Metwally et al., Efficient Computation of Frequent and Top-k Elements in Data Streams (2005). There were some other relevant papers I read for my work at Yahoo that I can't find now; but this looks like a good start.
Edit: Ah, see this Brian Hayes article. It sketches an exact algorithm due to Demaine et al., with references. It does it in one pass with very little memory, yielding a set of items including the frequent ones you're looking for, if they exist. Getting the exact counts takes a (now-tractable) second pass.
this will depend on the distribution of the codes. if there are a small enough number of distinct codes you can build a http://en.wikipedia.org/wiki/Frequency_distribution in core with a map. otherwise you probably will have to build a http://en.wikipedia.org/wiki/Histogram and then make multiple passes over the data examining frequencies of codes in each bucket.
Sort chunks of the file in memory, as if you were performing and external sort. Rather than writing out all of the sorted codes in each chunk, however, you can just write each distinct code and the number of occurrences in that chunk. Finally, merge these summary records to find the number of occurrences of each code.
This process scales to any size data, and it only makes one pass over the input data. Multiple merge passes may be required, depending on how many summary files you want to open at once.
Sorting the file allows you to count the number of occurrences of each code using a fixed amount of memory, regardless of the input size.

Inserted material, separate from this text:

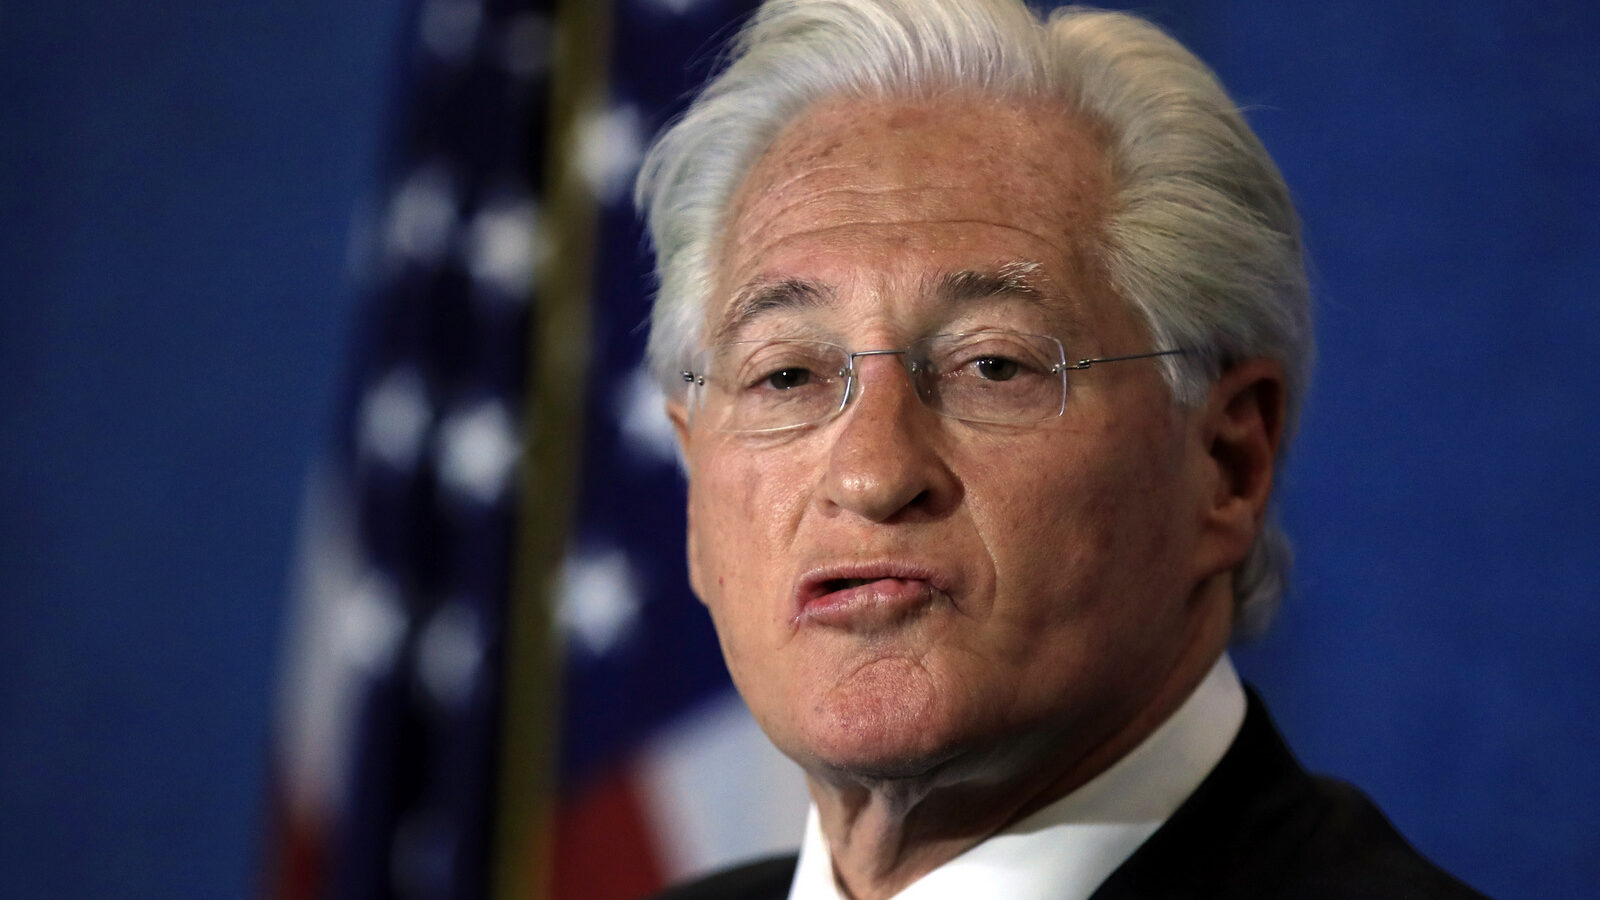 Marc Kasowitz personal attorney of President Donald Trump makes a statement at the National Press Club, following the testimony of former FBI Director James Comey in Washington, June 8, 2017. (AP/Manuel Balce Ceneta)

You also know the total number of codes (either by dividing the input size by a fixed code size, or by counting the number of variable length codes during the sorting pass in a more general problem).
So, you know the proportion of the input associated with each code.
This is basically the pipeline sort * | uniq -c
If every code appears just once, that's no problem; you just need to be able to count them.
That depends on how many different codes exist, and how much memory you have available.
My first idea would be to build a hash table of counters, with the codes as keys. Loop through the entire file, increasing the counter of the respective code, and counting the overall number. Finally, filter all keys with counters that exceed (* overall-counter 1/200).
If the files consist solely of 16-byte codes, and you know how large each file is, you can calculate the number of codes in each file. Then you can find the 0.5% threshold and follow any of the other suggestions to count the occurrences of each code, recording each one whose frequency crosses the threshold.
Do the contents of each file represent a single data set, or is there an arbitrary cutoff between files? In the latter case, and assuming a fairly constant distribution of codes over time, you can make your life simpler by splitting each file into smaller, more manageable chunks. As a bonus, you'll get preliminary results faster and can pipeline then into the next process earlier.